The German Socio-Economic Panel Study (SOEP) is a wide-ranging representative longitudinal study of private households, located at the German Institute for Economic Research, DIW Berlin. Every year, there were nearly 11,000 households, and more than 20,000 persons sampled by the fieldwork organization TNS Infratest Sozialforschung. The data provide information on all household members, consisting of Germans living in the Old and New German States, Foreigners, and recent Immigrants to Germany. The Panel was started in 1984. Some of the many topics include household composition, occupational biographies, employment, earnings, health and satisfaction indicators.

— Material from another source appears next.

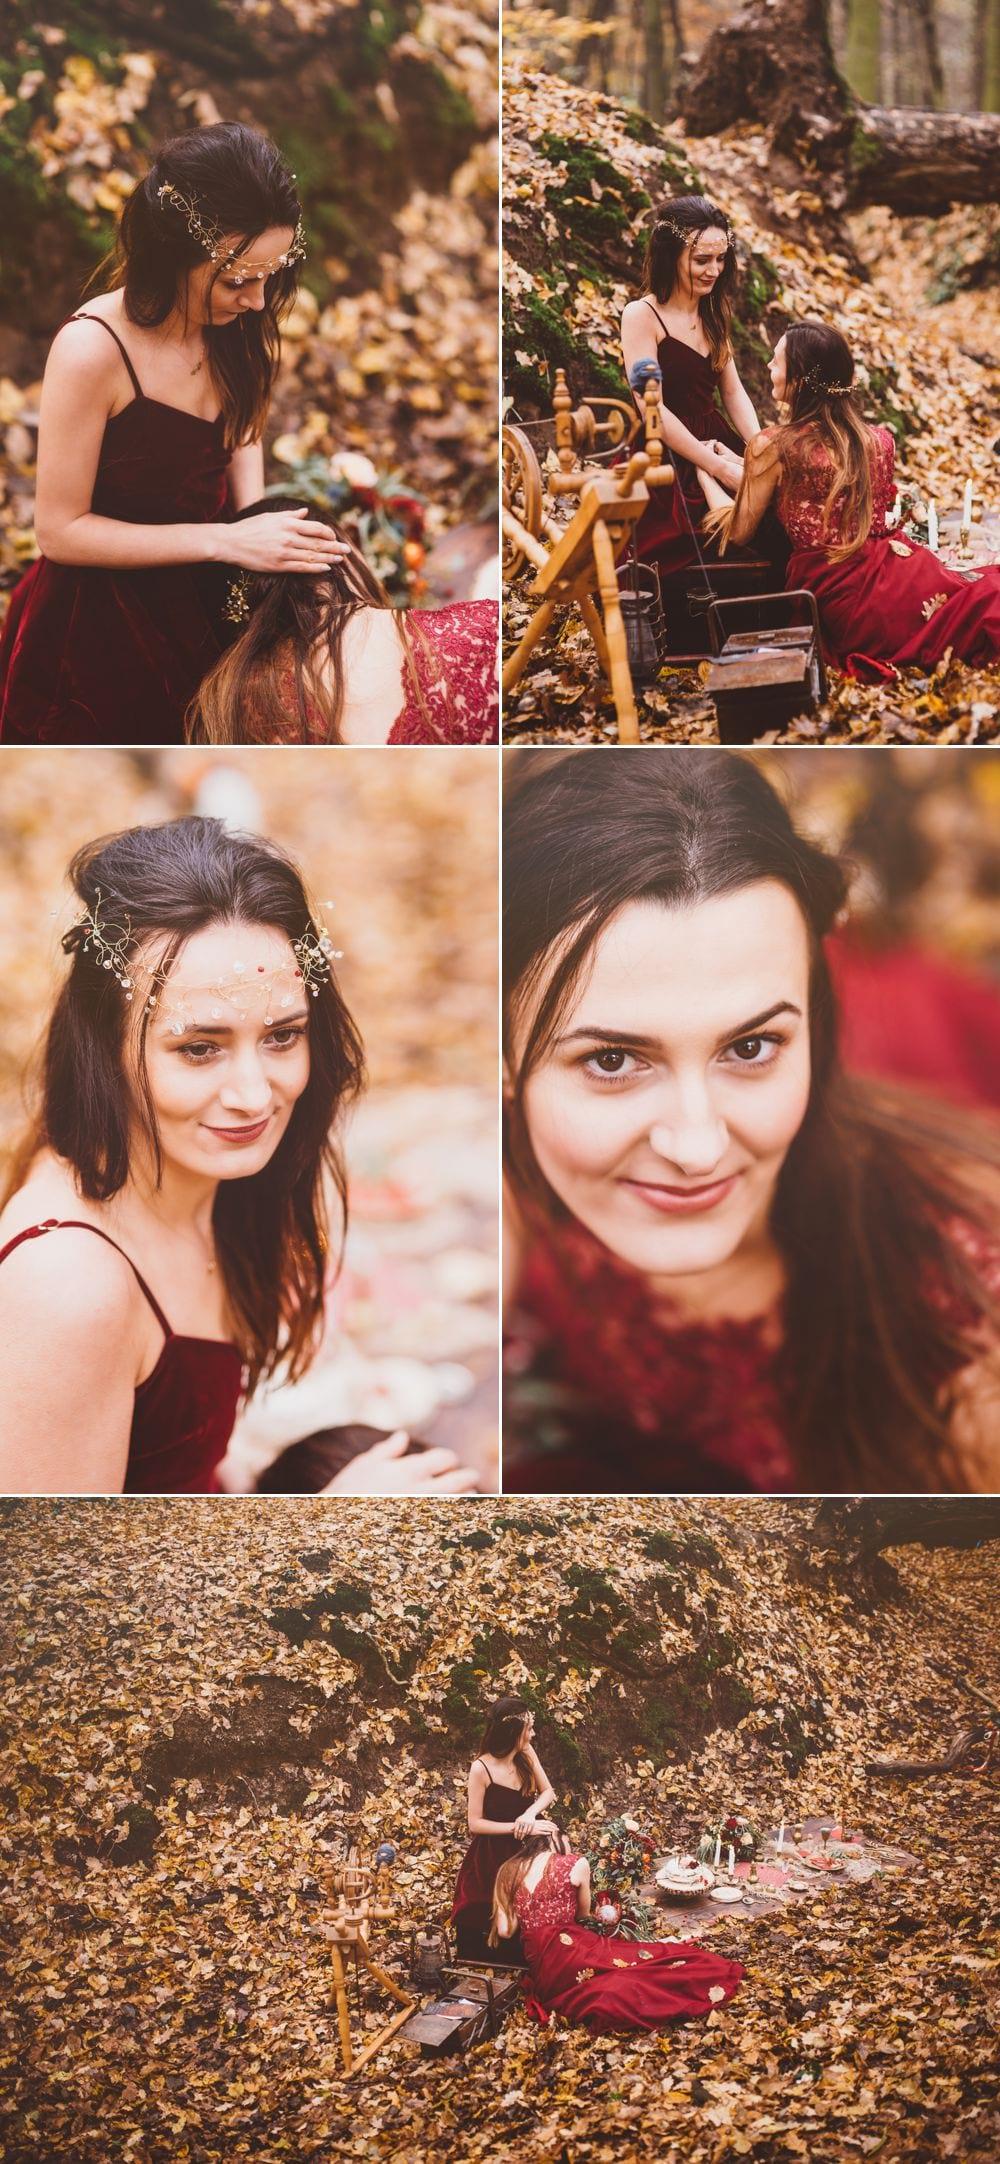 Fotografia Edytorial Marifoto Jesienna sesja pięknych sióstr
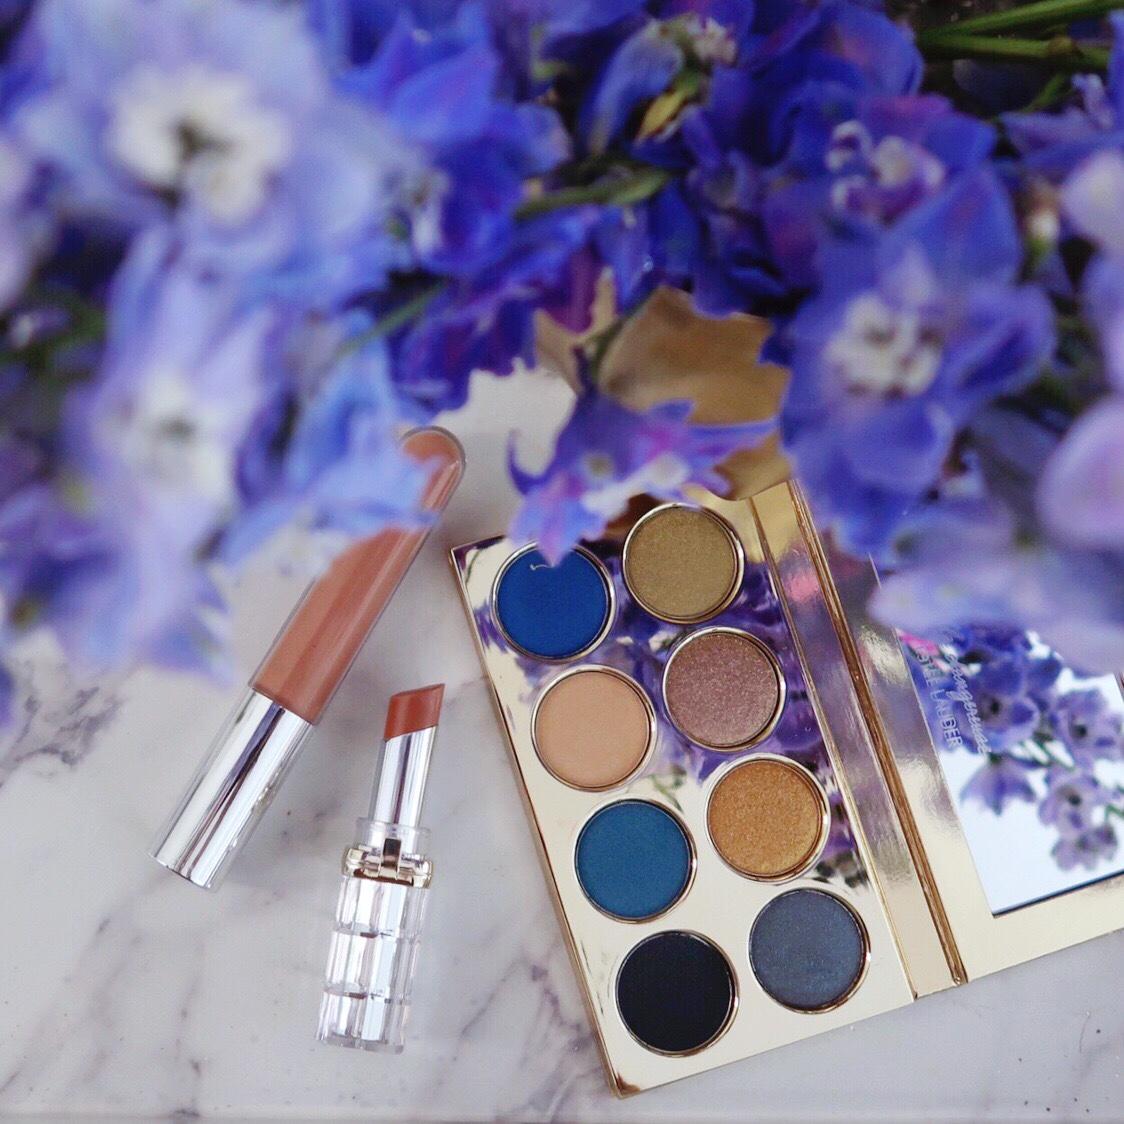 Violette Fr x Estee Lauder La Dangereuse 'Blue Dahlia' eye shadow palette on a marble tray beside of vase of fresh blue delphinium flowers, L'Oreal Colour Riche lipstick, and Becca lip gloss.

As early as June 1990-even before the Economic, Social and Monetary Union-SOEP expanded to include the states of the former German Democratic Republic (GDR), thus seizing the rare opportunity to observe the transformation of an entire society. An immigrant sample was added as well to account for the changes that took place in Germany society in 1994/95. Further new samples were added in 1998, 2000, 2002, and 2006. The survey is constantly being adapted and developed in response to current social developments.
Title: German Sozio-oekonomisches Panel Study (SOEP), data of the years 1984 – 2008
DOI: 10.5684/soep.v25
Collection period: 1984–2008
Publication date: 27.10.2009
Principal investigators: Gert. G. Wagner, Joachim R. Frick, Jürgen Schupp, Silke Anger, Jan Goebel, Markus M. Grabka, Elke Holst, Peter Krause, Martin Kroh, Henning Lohmann, Christian Schmitt, C. Katharina Spieß
Data collector: TNS Infratest Sozialforschung GmbH
Population: Persons living in private households in Germany
Selection method: All samples of SOEP are multi-stage random samples which are regionally clustered. The respondents (households) are selected by random-walk.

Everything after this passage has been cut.